Говорили, что они охраняют порядок, но какой, спрашивается, порядок, и от чего его надо охранять? Загадка вскоре разъяснилась: оказывается, «Логос-Авто», вместо назревшего обновления технической базы, занялся продажей казовских автомобилей. Мускулистые пареньки носили заграничное название дилеров, хотя по-русски для таких, как они, имеется другое, более крепкое слово. Функция дилеров заключалась в том, чтобы забирать готовую машину прямо с конвейера и тут же класть себе в карман половину отпускной цены «АвтоКАЗа». Если же независимый дилер хотел приобрести машину в обход сложившейся бандитской структуры, в девяноста процентах случаев он получал автомобиль с перекошенными дверьми, выбитыми стеклами, кривыми колесами или с другими повреждениями, которые нетрудно нанести все той же волшебницей кувалдой. Оставшиеся десять процентов сулили наивному постороннему, который осмелился сунуться в это осиное гнездо, что не машину, а его самого, точнее, его бренное тело обнаружат равнодушные милиционеры в одной из антониевских канав.
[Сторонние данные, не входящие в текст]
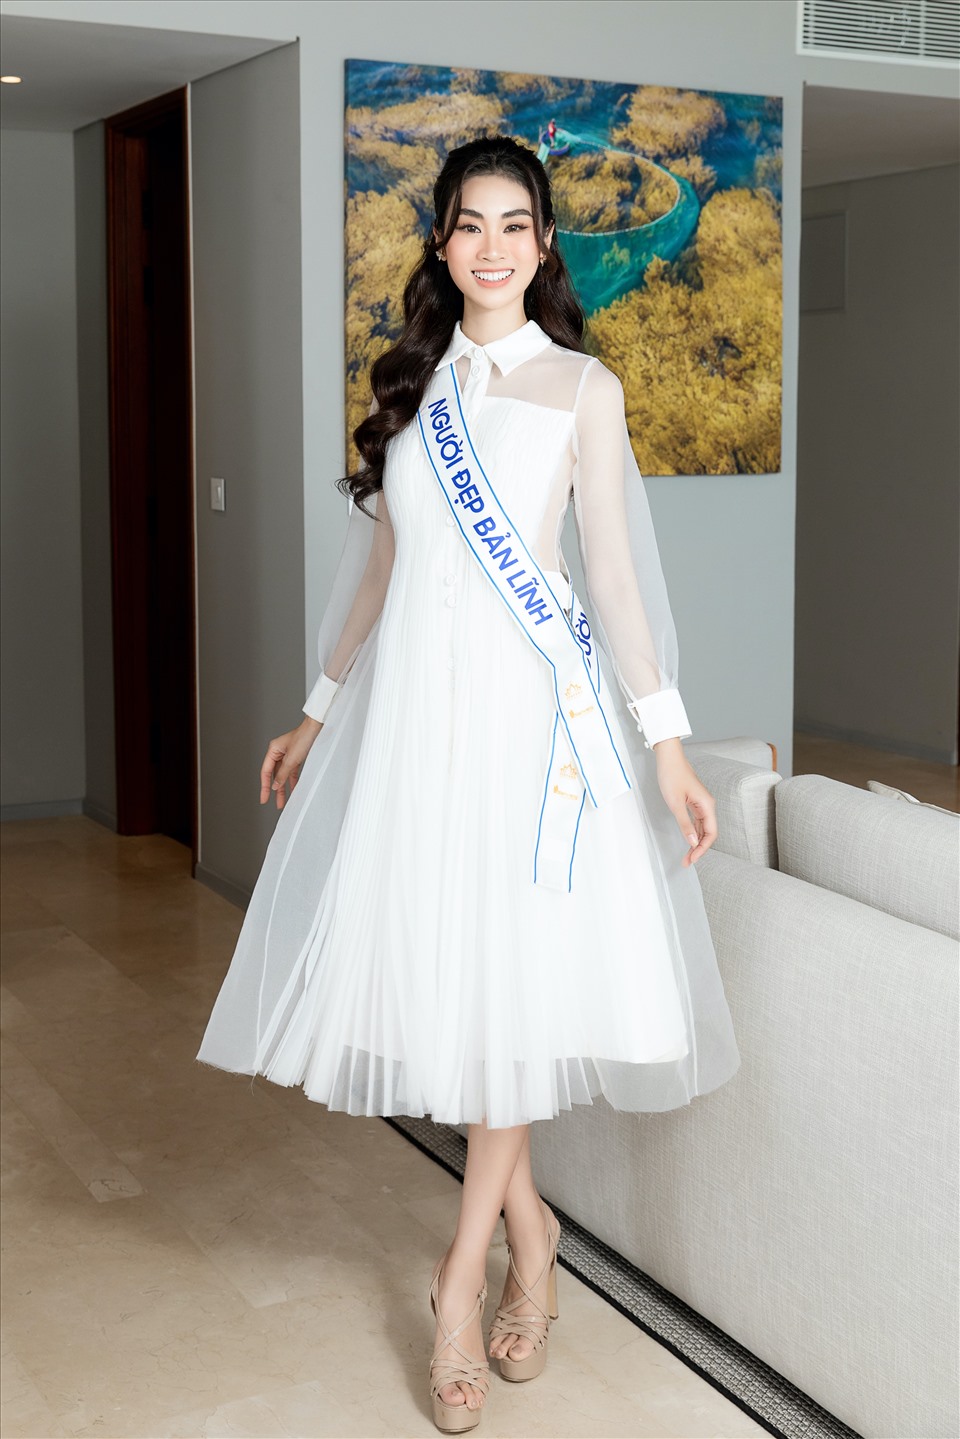 Head to Head Challenge là phần thi đặc biệt bám sát format của cuộc thi Miss World. Thí sinh Nguyễn Thùy Linh đã xuất sắc vượt qua 36 cô gái của Miss World Việt Nam 2022 để trở thành người chiến thắng. Ảnh: MWVN.

— Уж лучше была бы власть советская, чем власть бандитская, — перешептывались те представители начальства, кому не достался кусок логосовского пирога. Вслух произносить боялись: Валентин Янкелевич, даром что доктор наук, оказался невообразимо крут. Говорили, что на него в Москве работают даже чеченцы, с которыми ни царь, ни Сталин не смогли управиться… А Корсунский — смог! По-своему, он вызывал восхищение: мозги у него работали будь здоров, и а повышении своего благосостояния он выказывал умопомрачительную сообразительность. Взять хотя бы схему «реэкспорт»: по документам, машины КАЗа экспортировались за рубеж, а потом снова ввозились в Россию, что позволяло оплачивать сделку в течение более длительного времени и подразумевало еще более низкую цену, чем на внутреннем рынке. Естественно, автомобили все это время не покидали пределов завода…
Рост благосостояния Корсунского никак не затронул КАЗ. Валентин Янкелевич использовал его как корову, которую выдаивал до последней капли, но не холил, не чистил, кормил залежалым сеном, и то ровно столько, чтоб с голодухи копыта не отбросила. Дилеры сколачивали миллионные состояния — завод погрязал в долгах. Его не закрывали лишь потому, что он являлся крупнейшим в своей отрасли предприятием. Но и желающих поддерживать существование этого автомобильного доходяги денежными вложениями, на пользу тому же Корсунскому, не находилось: бескорыстные благотворители нынче перевелись! По-прежнему главной приметой казовского интерьера и фундаментом благосостояния «Логос-Авто» оставался рабочий с кувалдой. Только теперь это был истощенный рабочий с ржавой кувалдой. Но деваться ему все равно было некуда: завод оставался в Антонио единственным источником рабочих мест.
Это была не первая и не последняя история разорения советского наследия, запечатленная в памяти Питера. Все растаскивалось, разворовывалось, крохи, отобранные у одних, становились основой фантастического богатства других, избранных, немногих — слишком немногих… Вспышки холеры и тифа, небывалая распространенность венерических болезней, падение продолжительности жизни — все указывало на катастрофу. Но в чем же причина катастрофы? В том, на что отец и дед Зерновы уповали, как на манну небесную: в падении коммунистов. Дворяне-эмигранты считали, что коммунистический режим — единственное, что сдерживает богатырские силы русского народа… Да полно, не ошибались ли они? Впервые Питер усомнился в одном из принципов, что вели его вперед, вдохновляя на творчество.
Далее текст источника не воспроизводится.